Hamlet Responding to Criticism:
Without second thought I've aimed thus far to "move [my] mad [self] to centre-stage," as Grace Tiffany suggests, but it is not as if I have foregone my sanity in the hopes of putting on "an antic disposition," (1.5.192). I may seek my incestuous mother's and uncle's attention but that doesn't change my desire "that this too too sullied flesh would melt, Thaw and resolve itself into a dew." (1.2.133-136). Am I not what I am? No doubt am I an actor - a man of my own mode - but this can never change that way in which I have so deeply been hurt by the very incidences which have my father reduced to a pitiful ghost. For am I not the very reflection of my own actions? In this place of madness, in this Bedlam, there are man "people for whom the distinction between role and player no longer exist," (Tiffany). While I know in myself it to be true that I cannot lie to my own reflection, perhaps it is out of my control, perhaps I have no power over the "strange or odd some'er I bear myself," and the spilling of my own sanity into a pool of my own verse and mockery (1.5.190). I know myself not to be mad, or perhaps this knowing is merely a product of my own madness, my pretend-madness. If in pretending I have brought myself past of point of salvation and up unto the intersection of reality and feigned misconstuations of the real world, then am I worth of the halls of Bedlam? My own mother has said to me "Upon the heat and flame of thy distemper
Sprinkle cool patience," but I know in myself that my father's ghost is no product of my antic disposition, rather, it is a reflection of the incestuous horrors that have been committed among my own kind (3.4.18).

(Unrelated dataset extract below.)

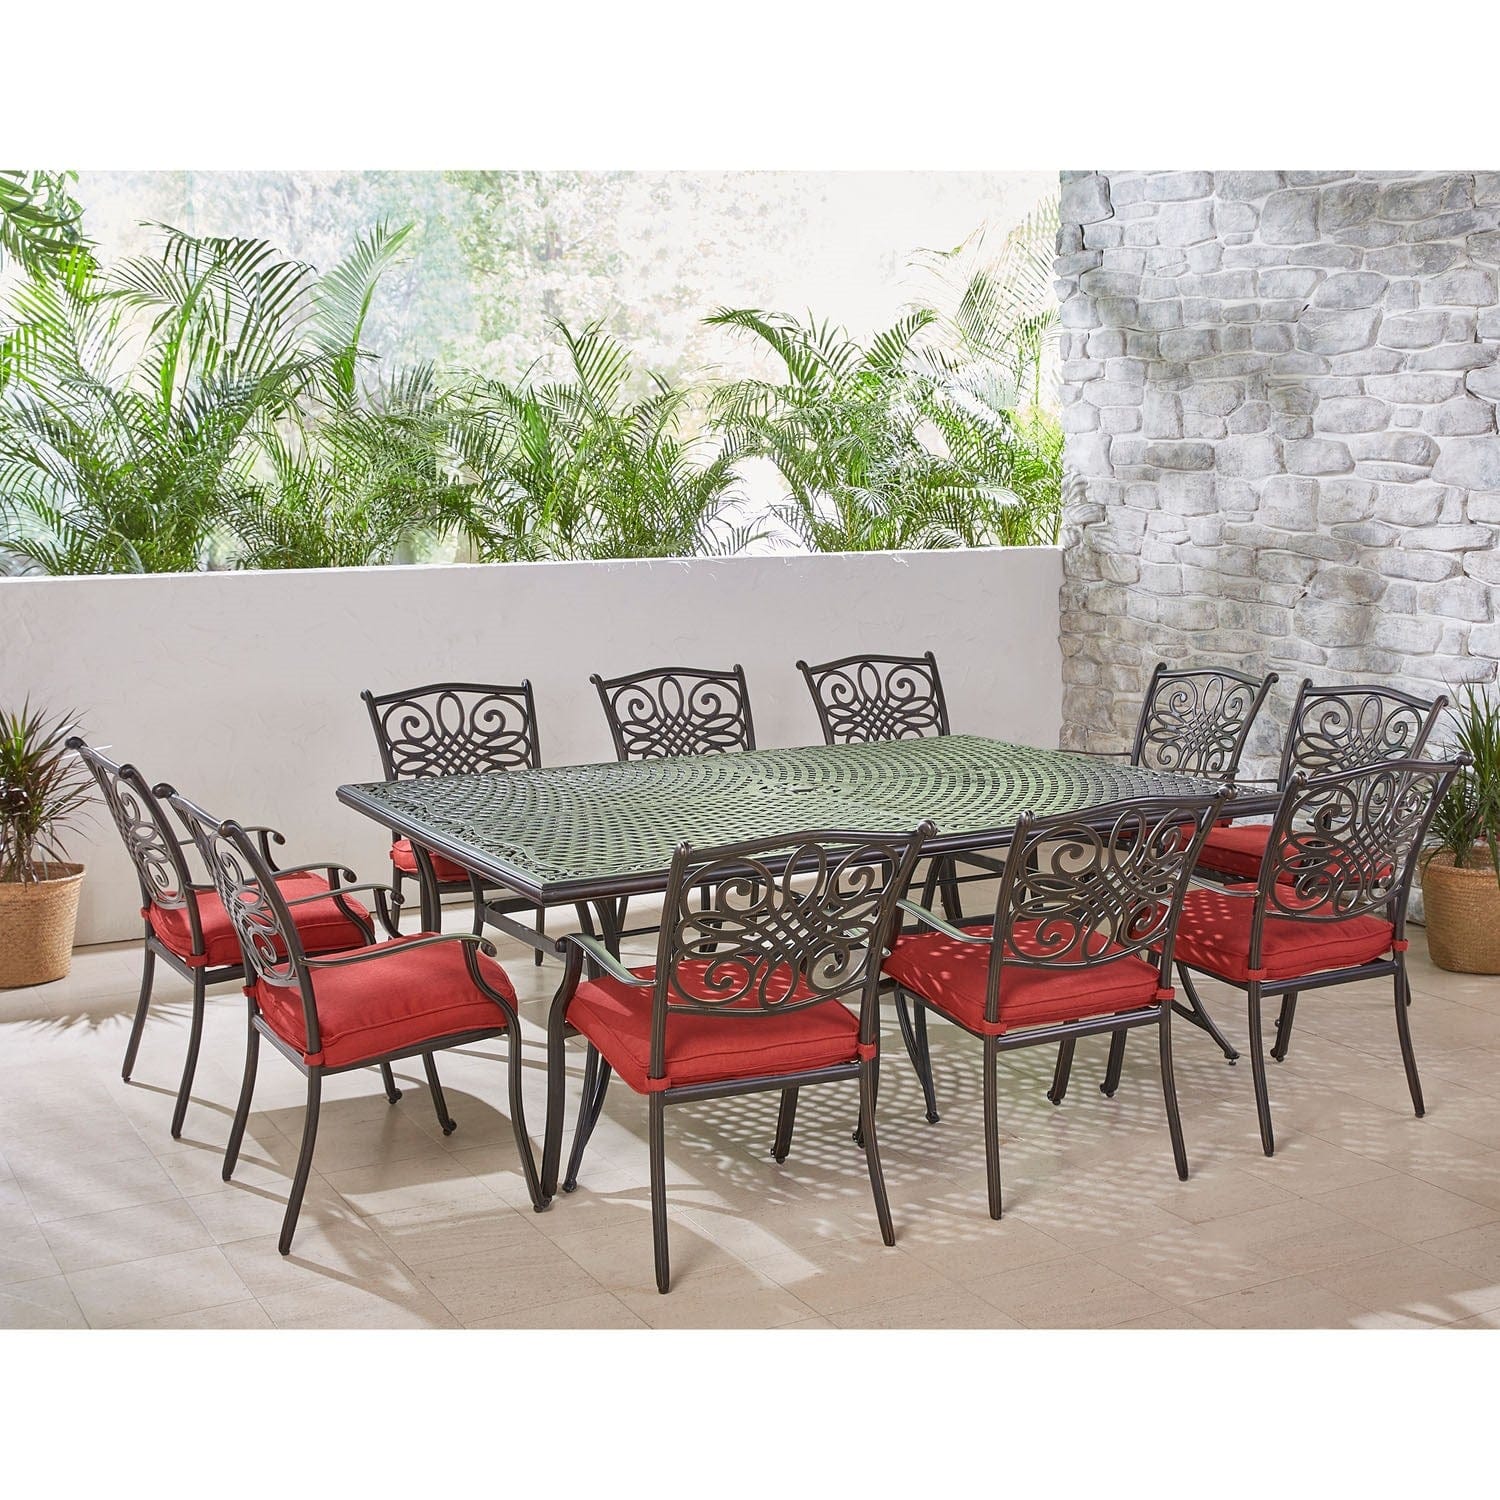 Hanover Outdoor Dining Set Hanover - Traditions 11-Piece Dining Set in Red with Ten Stationary Dining Chairs and an Extra-Long Dining Table - TRADDN11PC-RED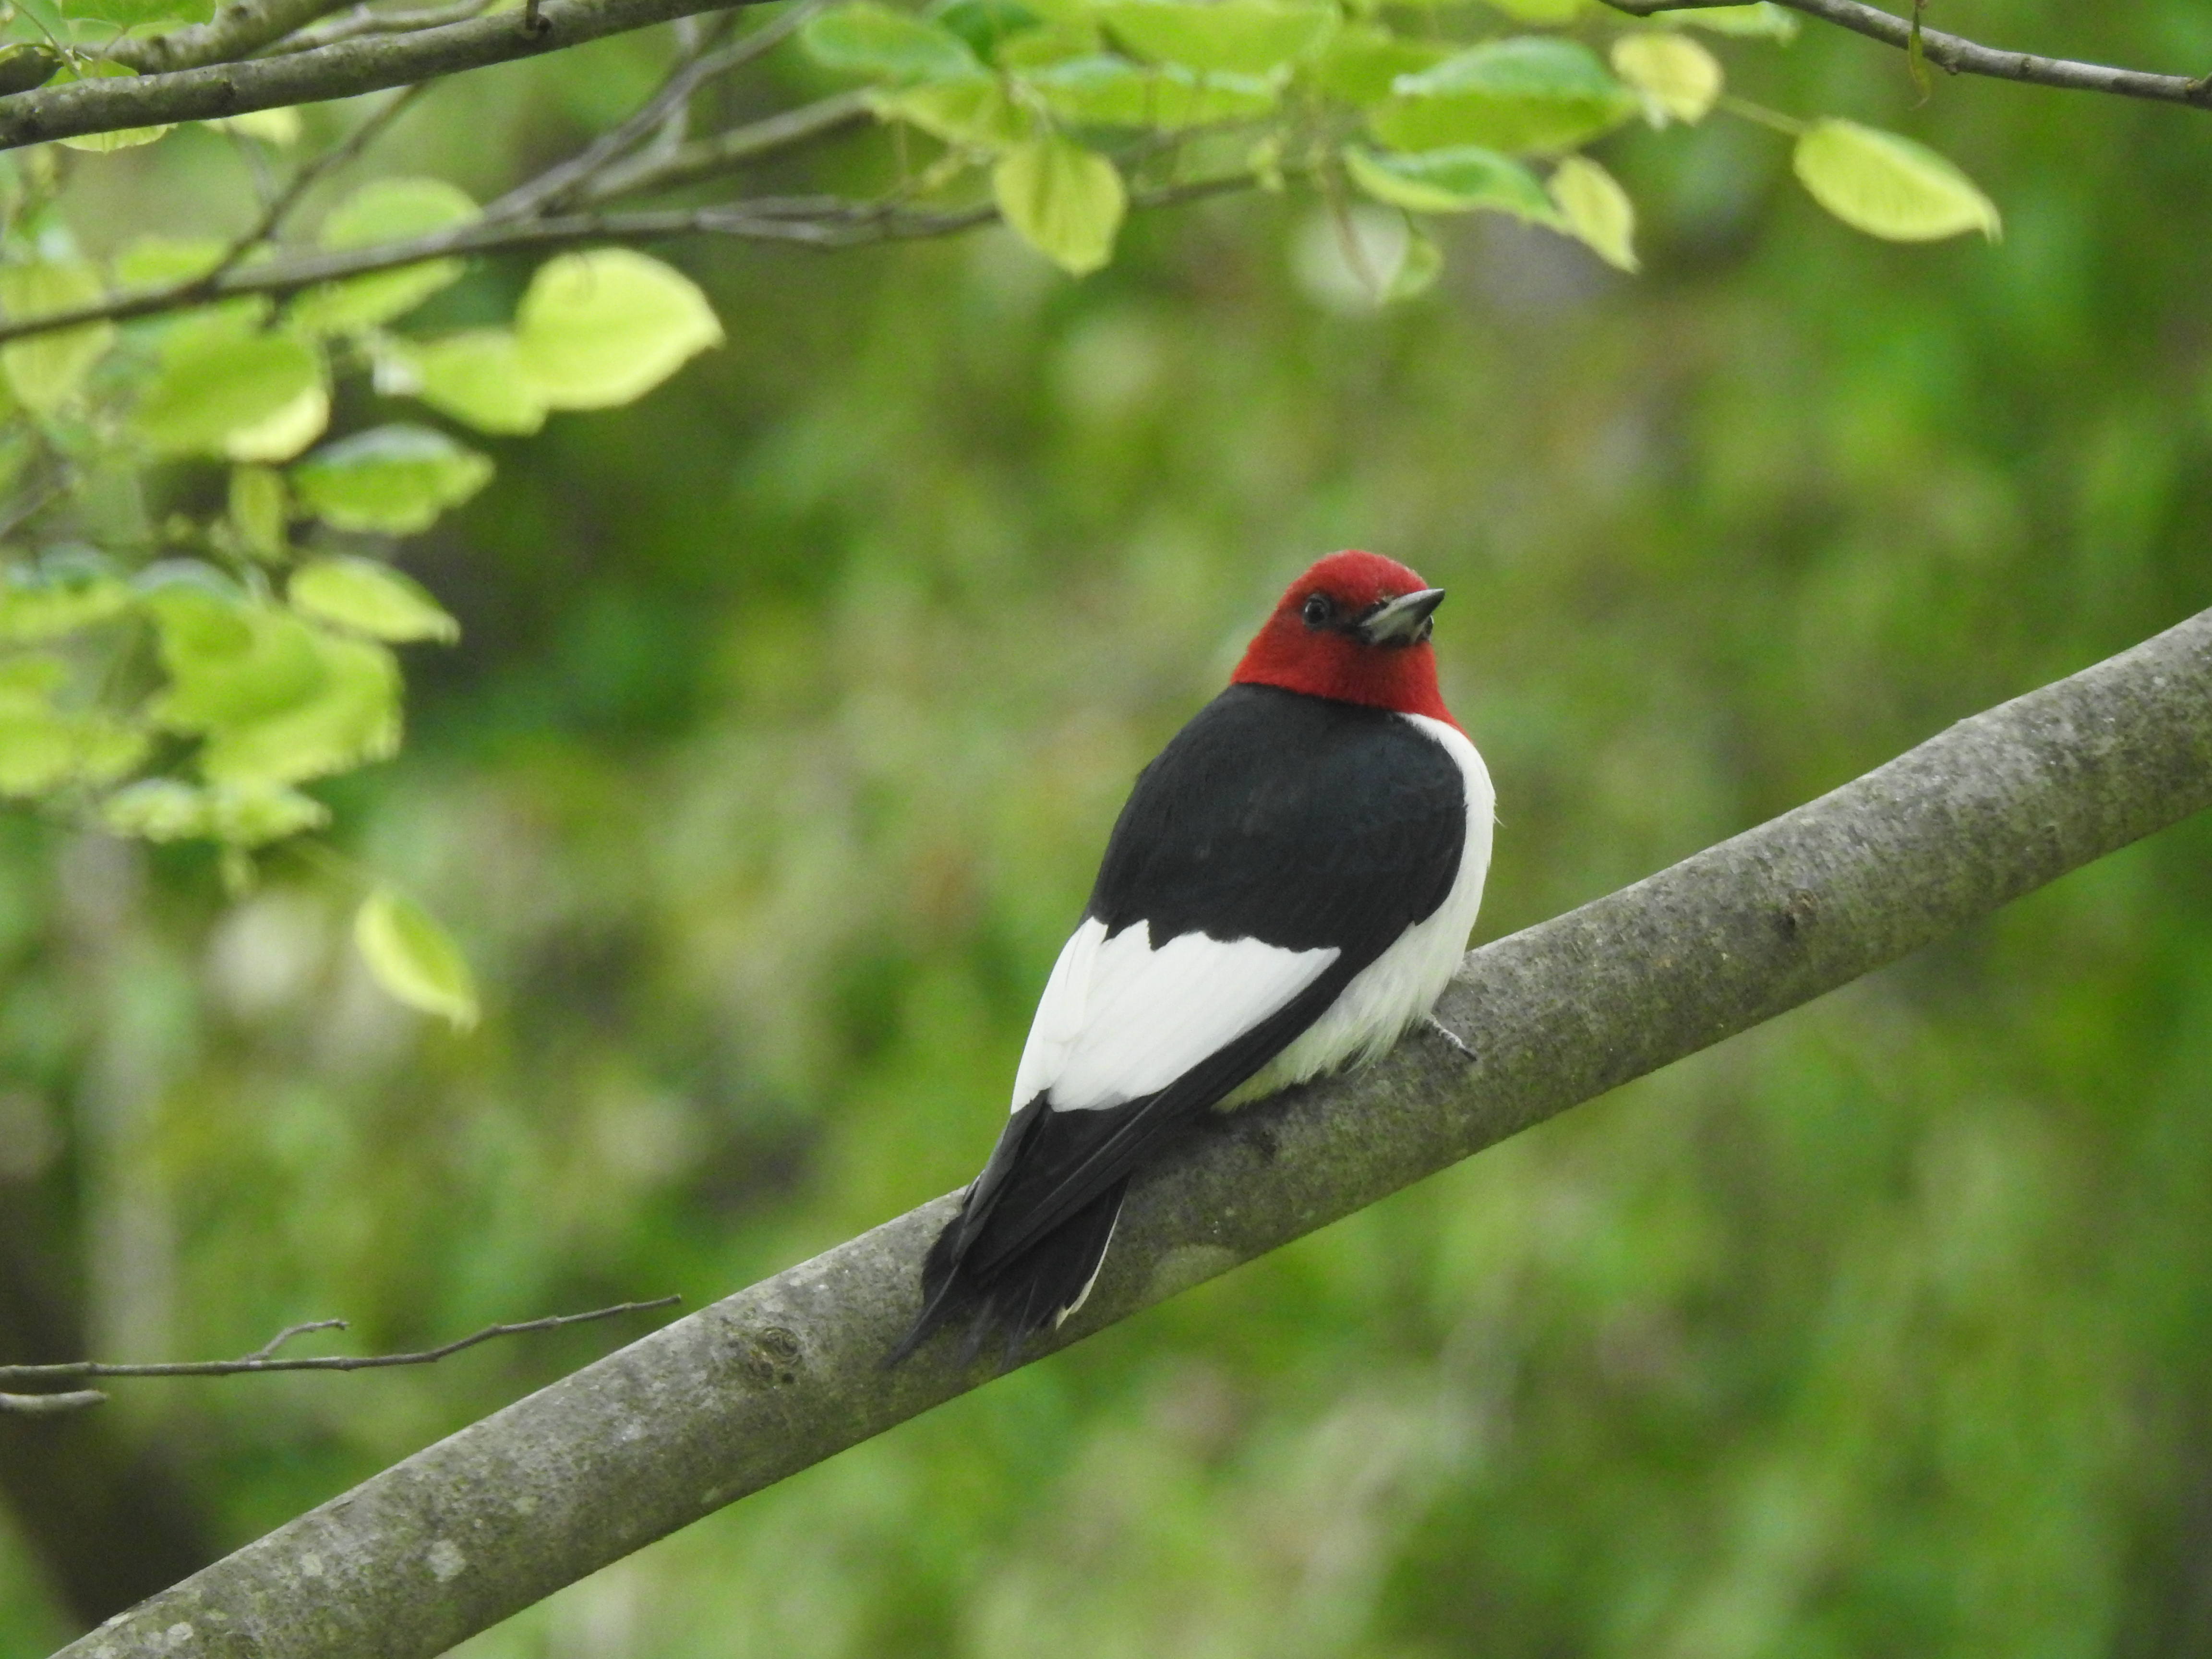 An image of a red-headed woodpecker sitting on a branch in a redbud tree.

Although, if these notions of fact I hold myself to be true are mere product of my rationalization, perhaps I do, in fact, deserve to be in a place "designed with the intent to cure mad folk." (Tiffany). Such a location seems to me so dim and dismal, but what in my own house is different than Bedlam - friend and foe come here to help and to mock me, to seek me out and to push me away, perhaps for entertainment, perhaps for study, perhaps for their own dispositions, perhaps for their own dispositions, perhaps for their own dispositions.
As little as I may know about my own mind, my own sanity, I can take comfort in knowing that the "Dangerous conjectures in ill-breeding minds," that surround me are not a product of my own madness (4.5.2). Perhaps, though, my own dangerous conjectures pose more of a threat to me than these externalities combined.